Em seguida passaram os quinze dias que eu considero os mais felizes da minha vida.
Via Jaime quase todos os dias e, se bem que as nossas relações não tivessem mudado, contentava-me com esta espécie de hábito, na qual parecia termos encontrado um ponto de acordo. Tacitamente estava bem claro entre nós que ele não me tinha amor, nunca me amaria e de qualquer maneira preferia sempre a castidade ao amor. Também estava tacitamente estabelecido que eu o amava, o amaria sempre a despeito da sua indiferença e que de qualquer maneira preferia um amor incompleto e vacilante como aquele que ausência de amor.
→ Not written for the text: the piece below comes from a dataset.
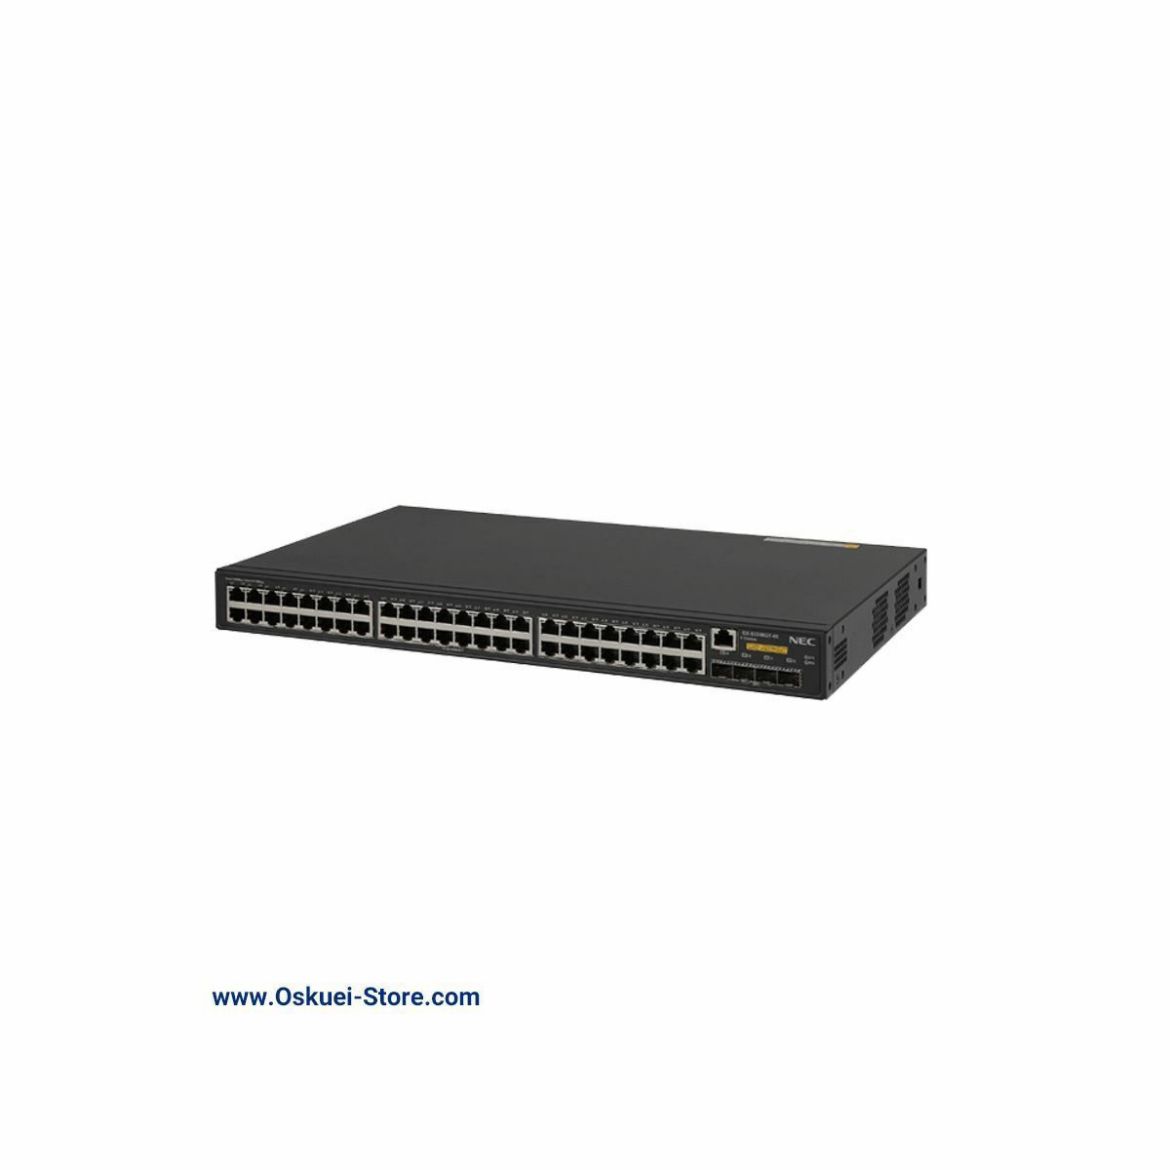 NEC S5248GT-4X-PW Network Switch

Mas eu não era feita como Astárito; não me resignando a não ser amada, não encontrava menos prazer em amar; juraria que no fundo do meu coração não perdera a esperança de ser amada por Jaime à força de submissão, de paciência e de afeição. Mas não acalentava esta aspiração; ela era, bem mais que outra coisa, o tempero levemente amargo de deliciosas incertezas duramente ganhas.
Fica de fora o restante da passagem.